We here at Dr. Kate Naumes || Holistic Wellness have exciting news. We are planting an organic laboratory garden and will also be offering cooking classes for kids and adults in which we use food from our garden in our classes! Steve, James and their crew at Eat The Yard are helping us to get going.

We want to lead and support our clients to nurture themselves – physically, emotionally, and spiritually – so that our clients have the freedom to be their best selves. We believe that healthy women are the hub of a healthy world, and as healthier women we bring forth healthier and happier generations. What better way to support our clients to exercise, relax, and connect to the earth than through gardening and cooking?

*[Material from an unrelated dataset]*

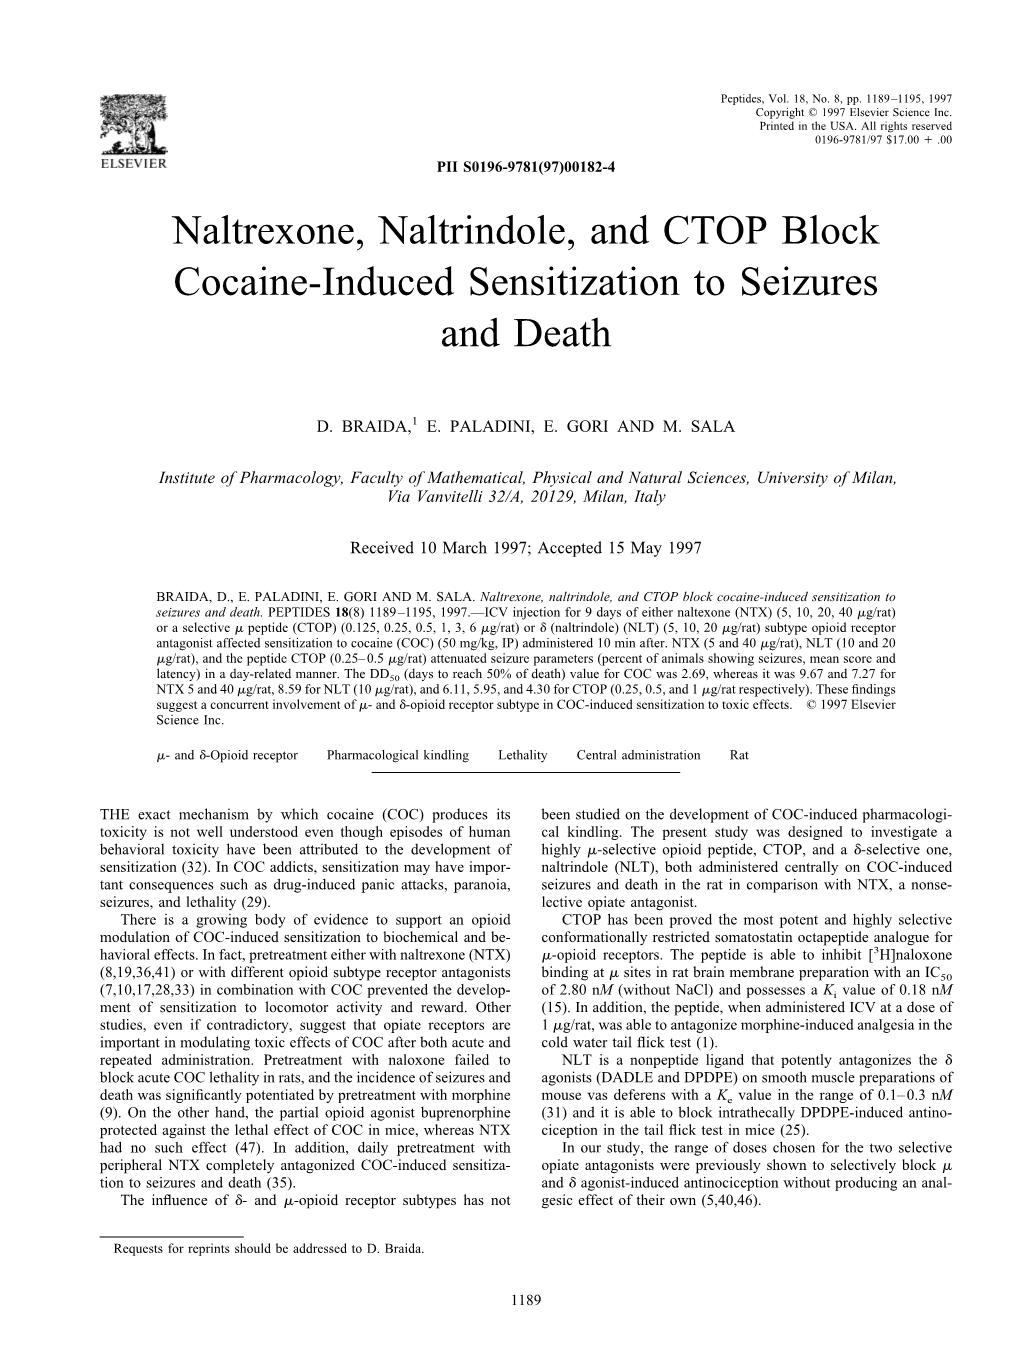 Naltrexone, Naltrindole, and CTOP Block Cocaine-Induced Sensitization to Seizures and Death

So, on Day 1 of our garden project, we amended the soil in the backyard so that the soil could support the growth of healthy plants. Our soil was depleted. So depleted in fact, that we could not have grown healthy plants. The first day was spent getting rid of as much of the trash as possible and then digging out 6-12 inches of yucky dirt.

Mulching

Day 2 was focused on replenishing the soil. What was our basic plan for amending the soil?  The main plantings areas were filled with compost from Living Earth, a professional bedding mix – aka ‘landscape mix’ – including green sand, topsoil, expanded shale and sharp sand. Next, a layer of wood chips were laid down to help hold in moisture and eventually degrade into healthy soil.  Lastly, the entire backyard was inoculated with compost tea, rock dust, and oyster mushroom spores.

Watering

I can appreciate the loose analogy between improving our soil and improving our own internal  gastrointestinal and detoxification systems health. Sometimes our gastrointestinal and detoxification systems are so out of balance that we have to start with a detox (i.e remove the top 6-12 inches of yucky soil). Then we need to rebuild good GI health with the proper combination and timing of digestive enzymes (mushroom spores), probiotics (compost tea), healthy clean whole foods (compost & landscape mix), while replenishing with minerals (rock dust) and electrolytes (wood chips).

In short, if we remove the unhealthy things from our bodies/soil and put good stuff into our bodies/gardens it becomes possible to actually get good stuff back!  Can’t wait to share our organic laboratory garden and cooking classes!